Bu vakada kristalizasyonun tamamlanmış olup olmadığını söylemek zor, ancak bu önemli değil; önemli olan şey sürecin nasıl işlediğini anlamaktır. Genellikle kristalizasyon zaman alır, ama bu acı çekme yoluyla ya da Gurdjieff’in sürtüşme olarak adlandırdığı şeyle, ya da evet ile hayır arasındaki mücadele ile büyük ölçüde hızlandırılabilir.

(Doğru bir temel üzerinde) kristalizasyonu düşündüğüm zaman, Walt Whitman’ı düşünmeden edemiyorum. Walt Whitmanın Çimen Yaprakları’nda bahsettiği ve bilhassa ‘Kendimin Şarkısı’nda sözünü ettiği deneyim, onun empatisi uyandırıldığı zaman etrafındaki insanları da içermek üzere genişleyen, dolanıp duran bir şuurluluğun deneyimidir. Eğer o herhangi bir şey ise, o empatik ve kapsayıcıdır. Ve o, doğasının çelişkilerinden ötürü endişelenmez

Kendimle çelisiyor muyum?
Tamam, o halde kendimle çelisiyorum,
(Kalabaligim, çokluklari içeriyorum.)
~Walt Whitman

İnsanın içsel deneyimi, çeşit çeşit olmak üzere tasarlanmıştır. Farklı duygular hissetmek, çelişkilere sahip olmak, bizim için yazılmıştır.

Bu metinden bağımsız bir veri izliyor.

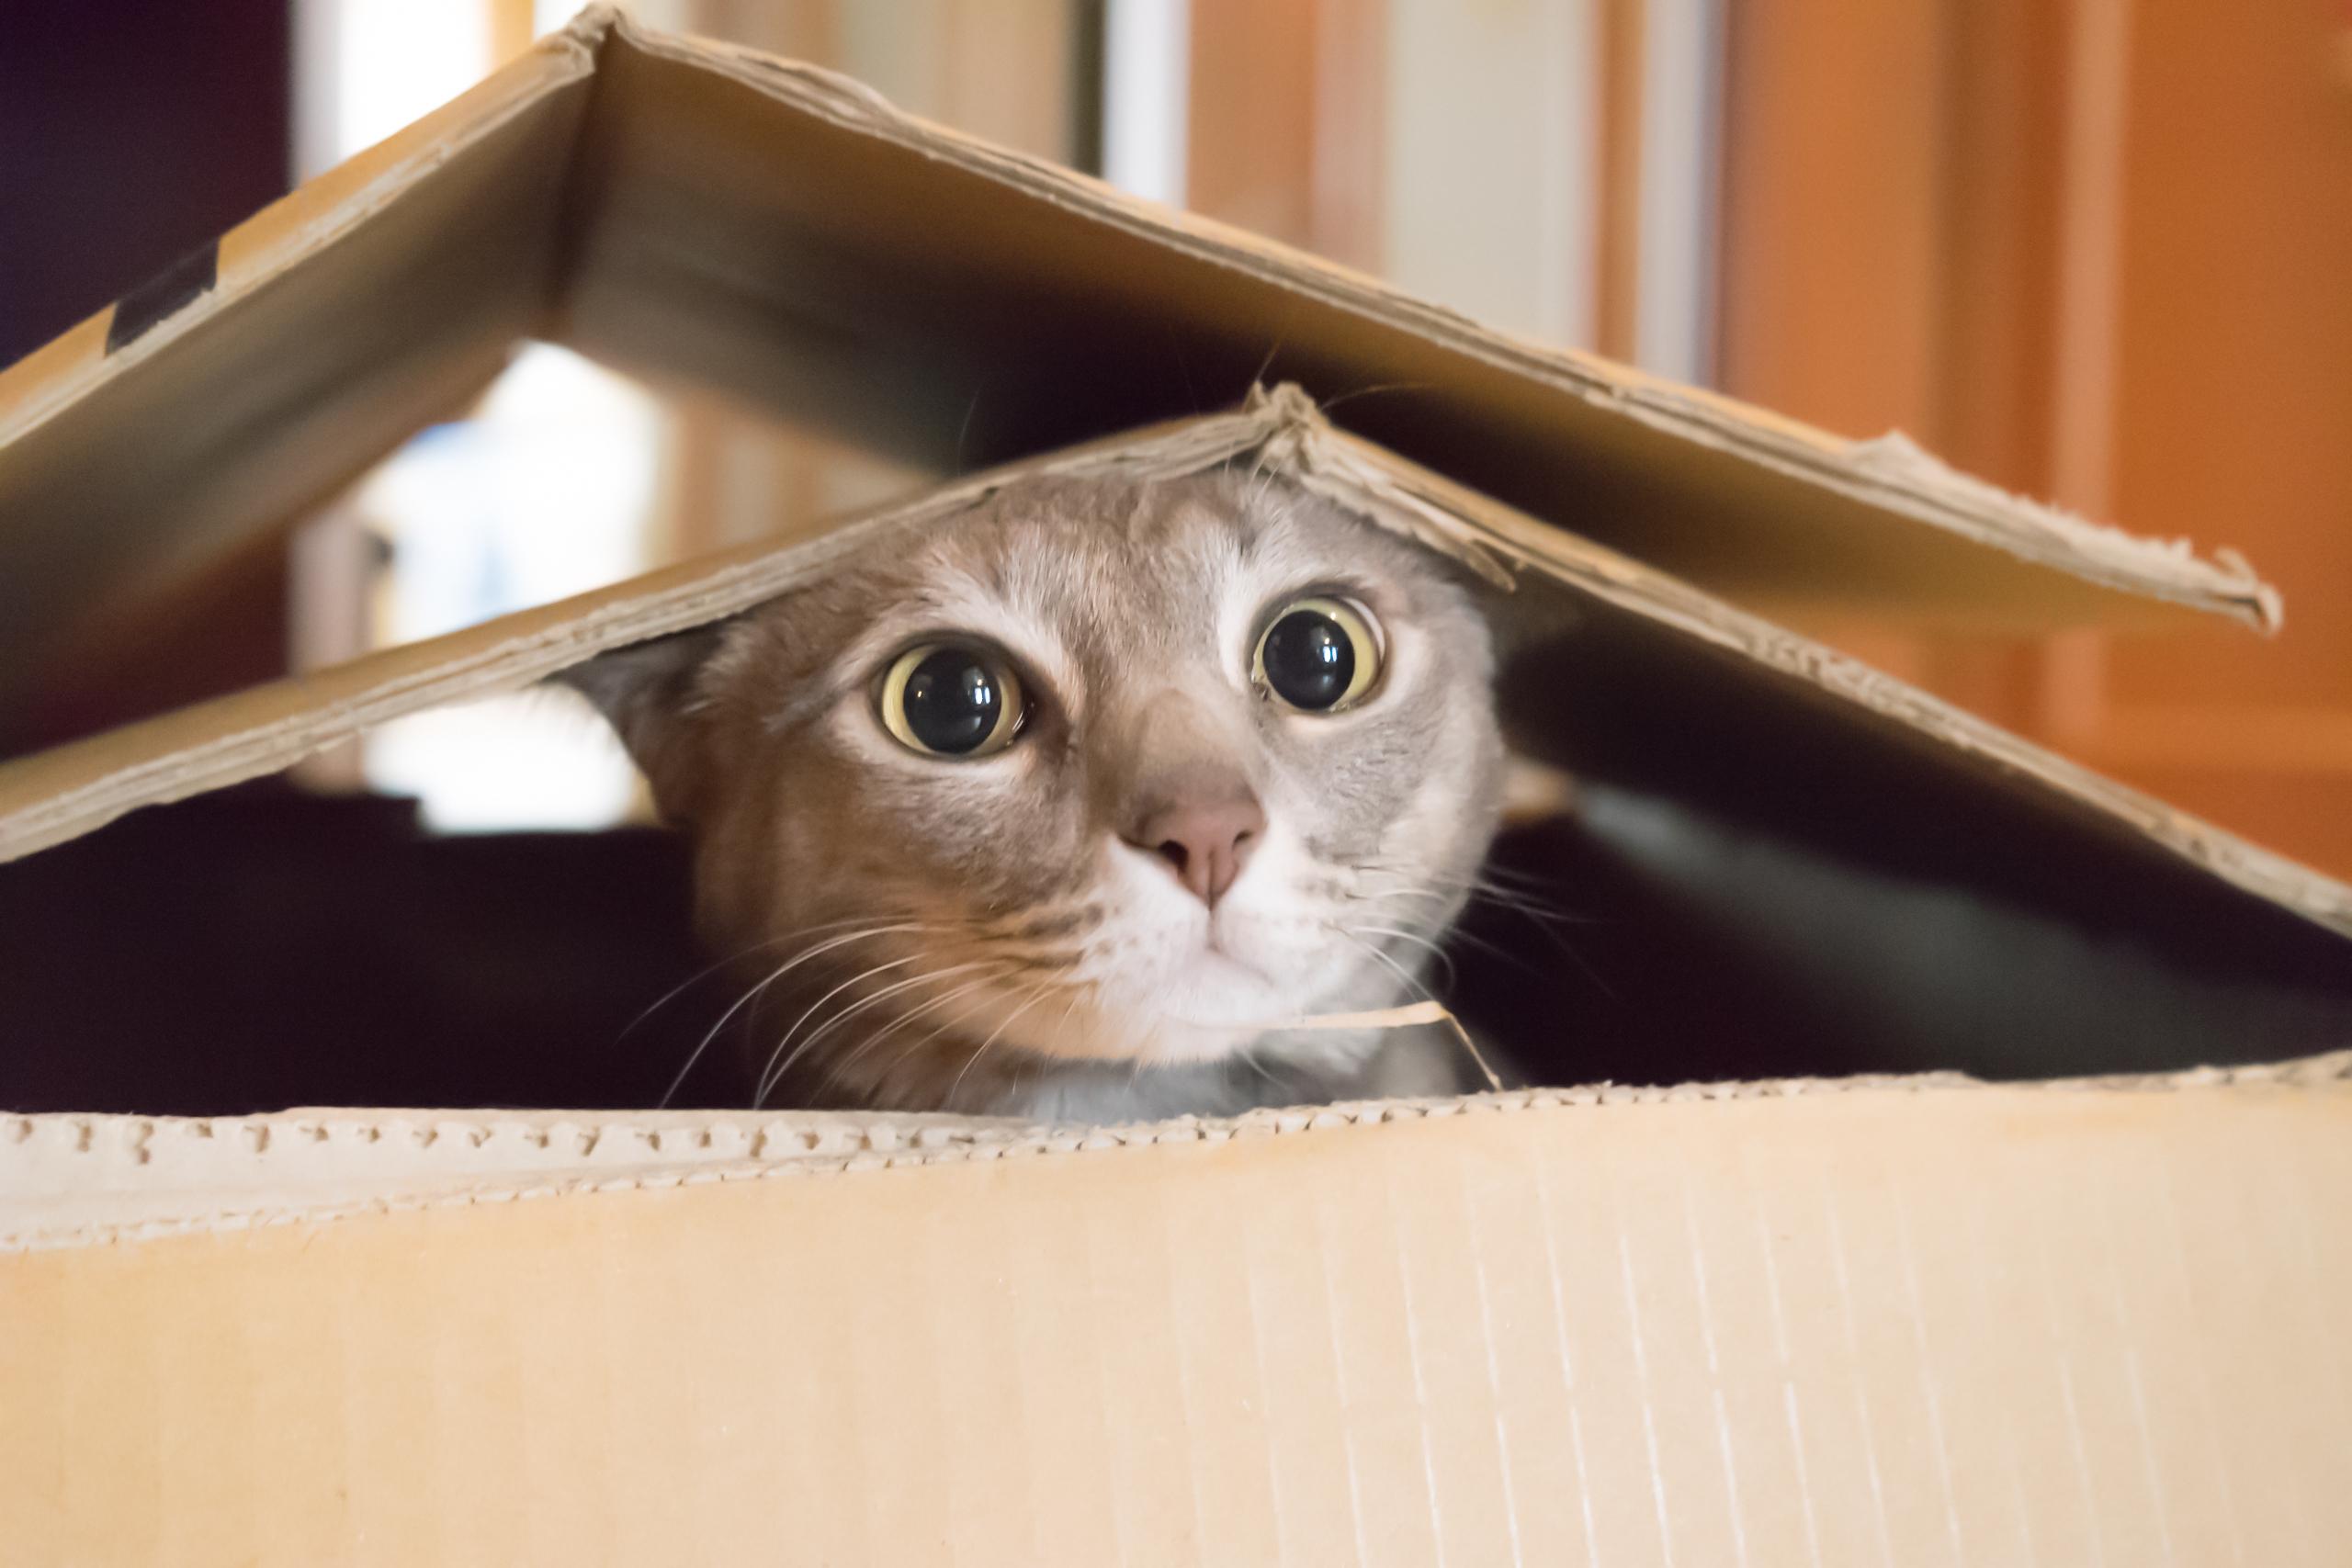 Nahrani me, češkaj, zabavi: Zašto vaša mačka mjauče?

Eğer kendimizin çelişkili taraflarına sahip olmasaydık, herhangi bir eylemimizde hiçbir seçim olmazdı. Whitman’ın eriştiği birlik üzerine düşünmenin yollarından biri, onu kendi ihtiyaçlarına ve ilgilerine uyacak şekilde sürekli olarak şeklini değiştiren bir bulut gibi düşünmektir.

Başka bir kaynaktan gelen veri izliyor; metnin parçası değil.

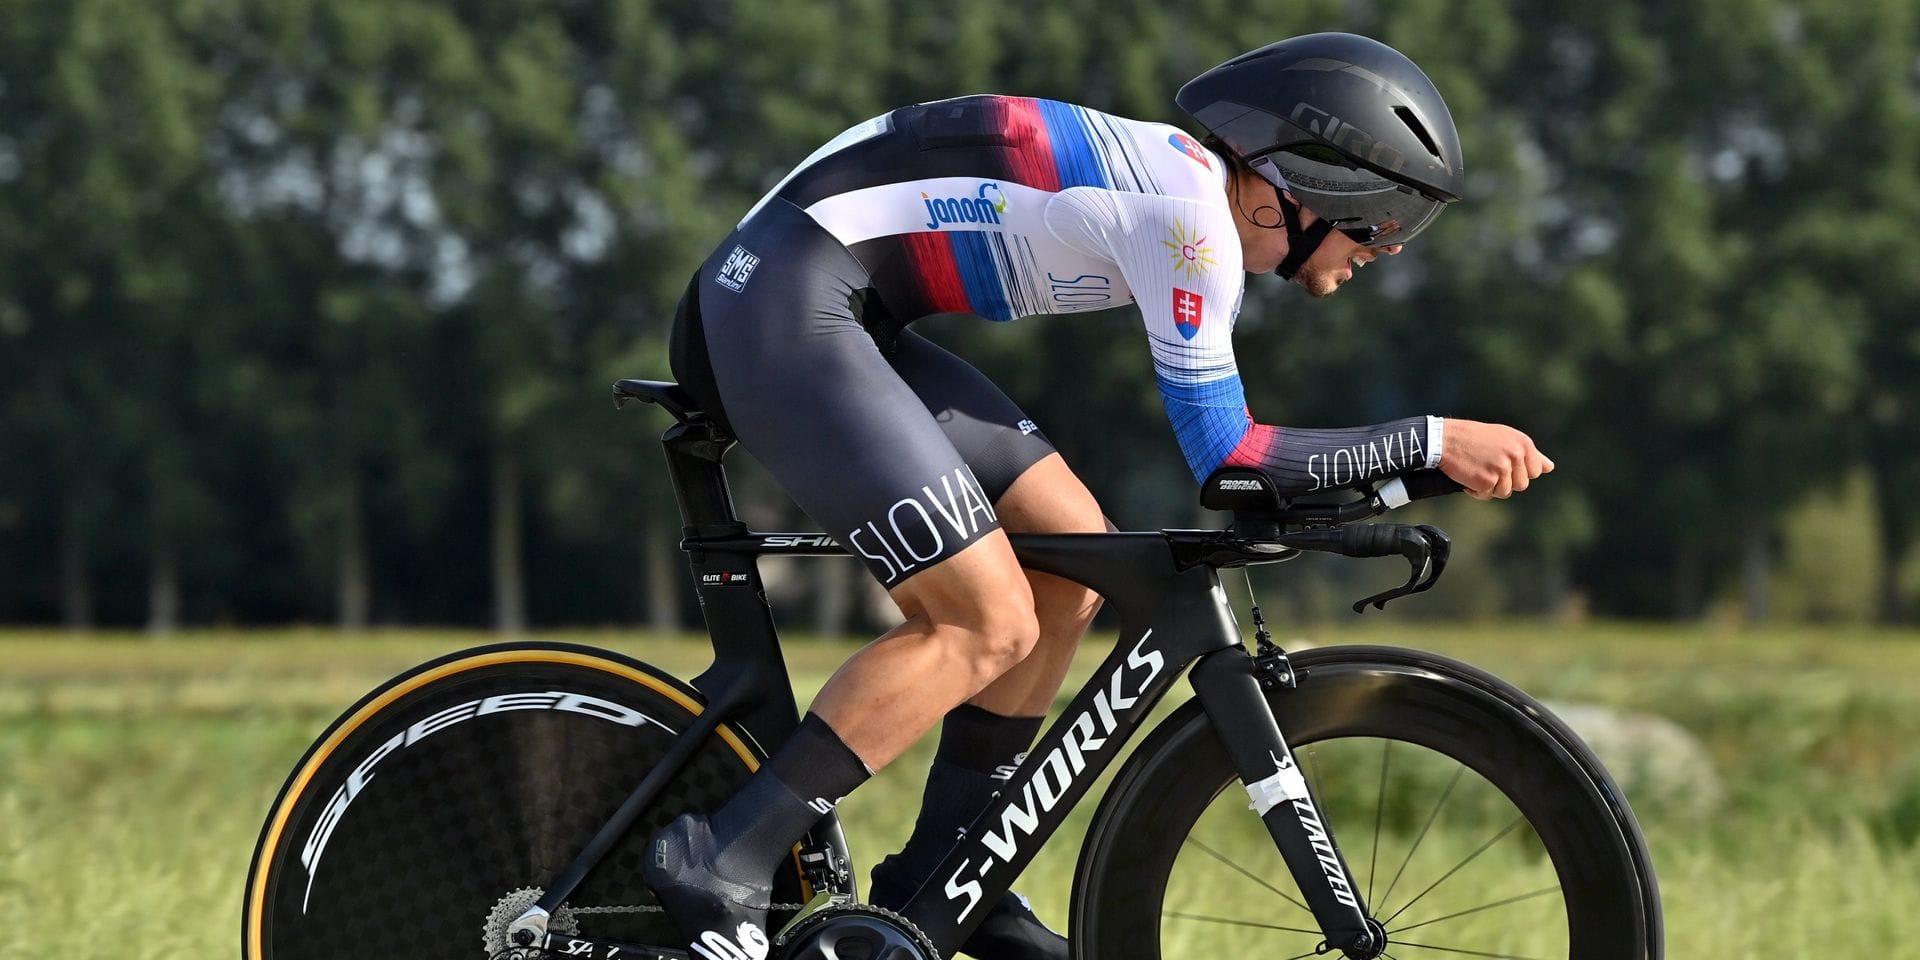 Le nouveau Sagan chez Deceuninck-Quick Step: un jeune talent slovaque signe avec l'équipe belge

Hava gibi uzaklasir, kaçak güneste beyaz kilitlerimi sarsarim,
Etimi girdaplardan tasirir ve dantelli sarhosluklarda sürüklenirim.
~ Walt Whitman

(Doğru bir temele dayalı olan) kristalizasyonla ilgili anlaması zor olan şey, kristalize olan şeyin bir hal, ya da daha iyi bi ifadeyle, daha yüksek bir halden var olma yeteneği olmasıdır. Uyanma, kimliğini pek çok ‘Ben’den ya da kişilikten alıp, bunu kademeli olarak yüksek merkezlere transfer etme sürecidir. Zamanla, dışsal tezahüratların, düşüncelerin, duyguların dışında var olan şuurluluk sizin kim olduğunuz haline gelir. Bu nedenle özellikle başlangıçta, mevcut olduğunuz zaman kendini gözlemlemeyi düşünmek iyidir; ve kendi tezahüratlarınızı, belirtilerinizi kontrol etmek üzerine çok fazla düşünmemek iyidir. Kendinizi aktör olarak değil, aktörü gözlemleyen parça olarak görmeye başlamakla başlamak önemlidir. Yalnızca gözlemleyin ve aktörün oynamasına izin verin.

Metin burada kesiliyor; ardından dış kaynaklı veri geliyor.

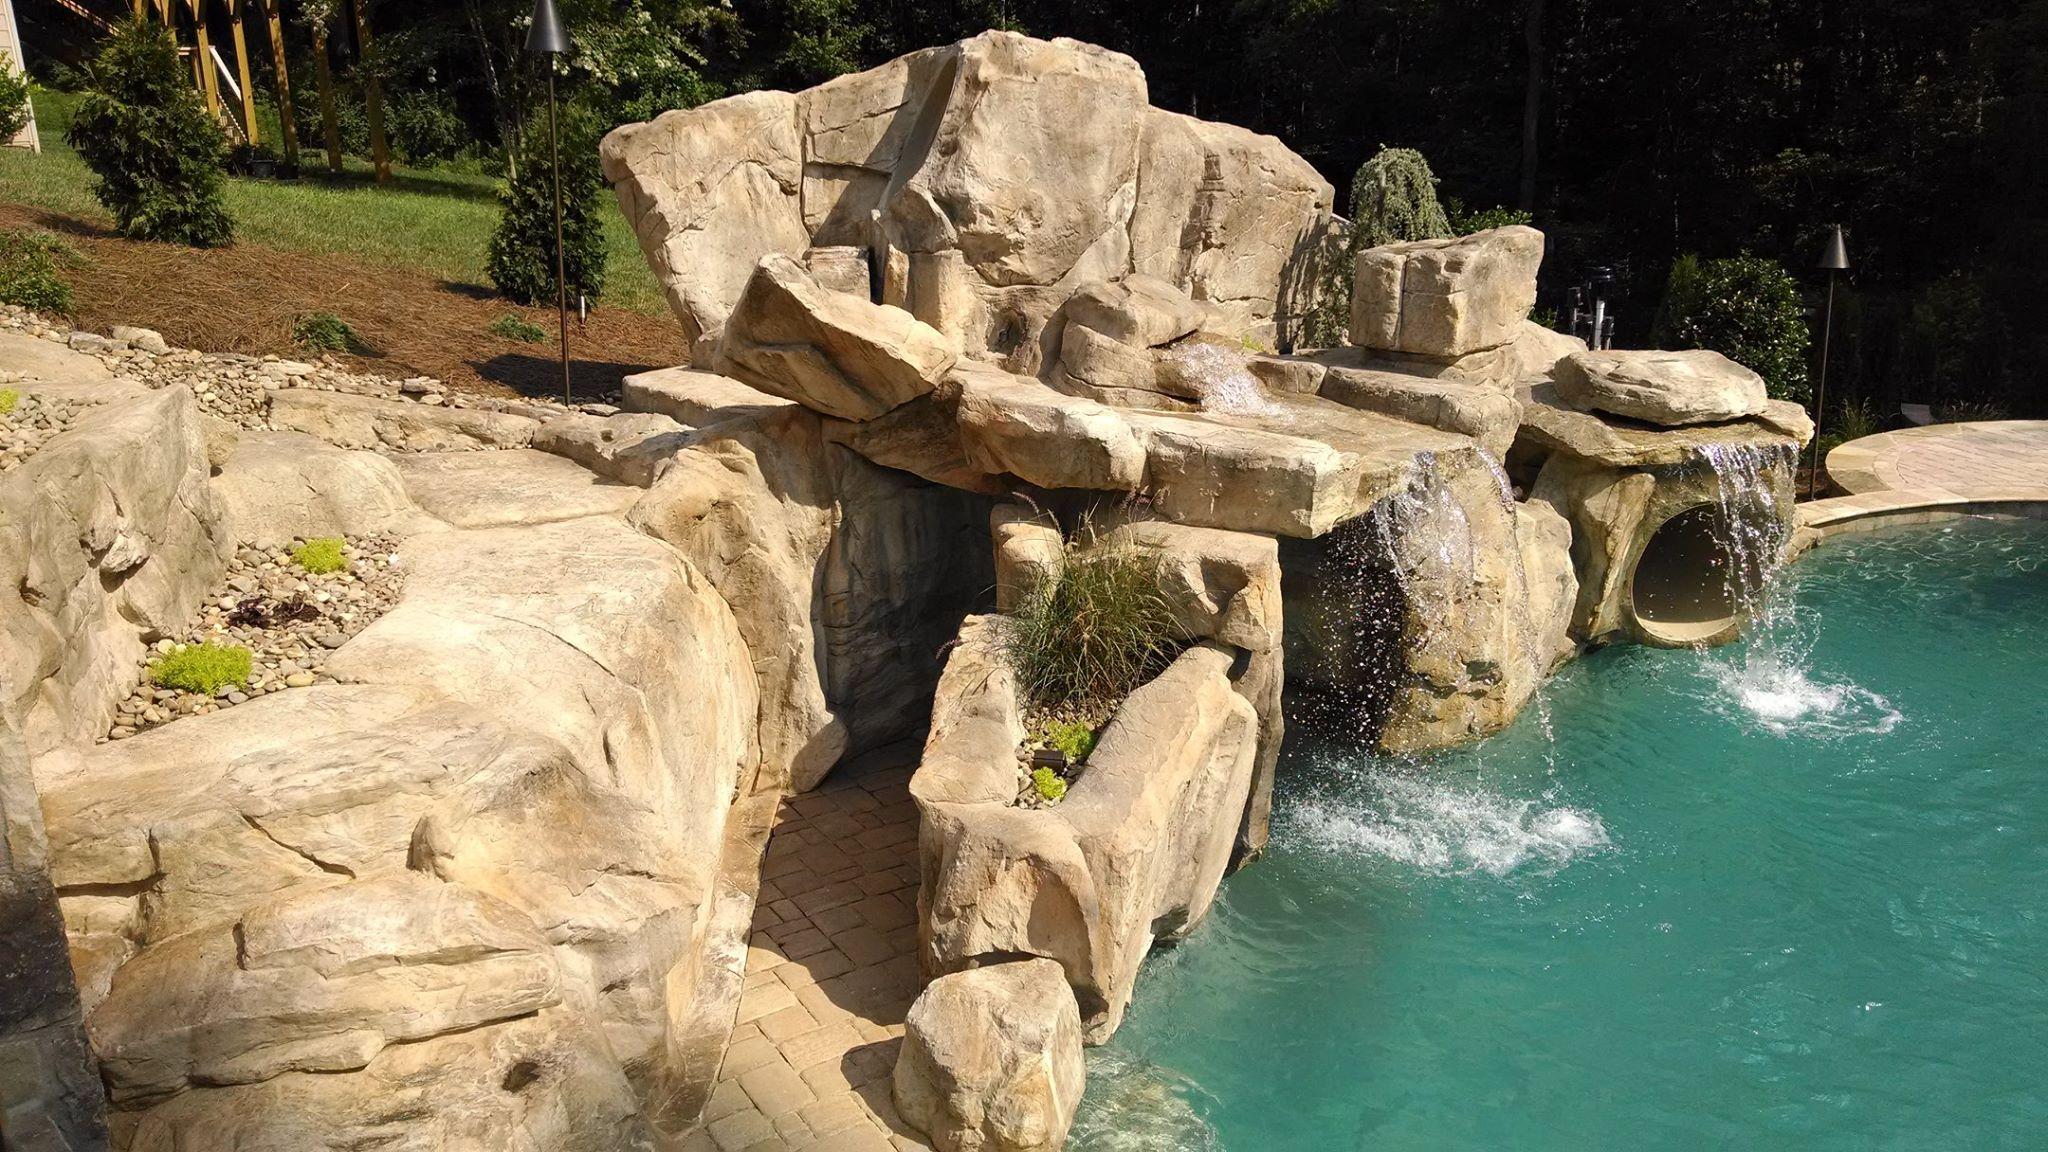 Im genes de piscinas con cascadas artificiales for Construccion de cascadas artificiales

Walt Whitman (2)Bu da yine ‘Kendimin Sarkisi’ndan:
Çekmelerin ve sürüklemelerin disinda, benim ne oldugum durur,
Memnuniyet içinde, rahat, sefkatli, serbest, bütün,
Asagiya bakar, dik durur, ya da elle tutulamaz, kesin bir dinlenme sirasinda bir kolu büker,
Yandan kavisli basiyla, bir sonra neyin gelecegine merakla bakar,
Oyunun hem içinde hem disinda, bunu izler ve bunu merak eder.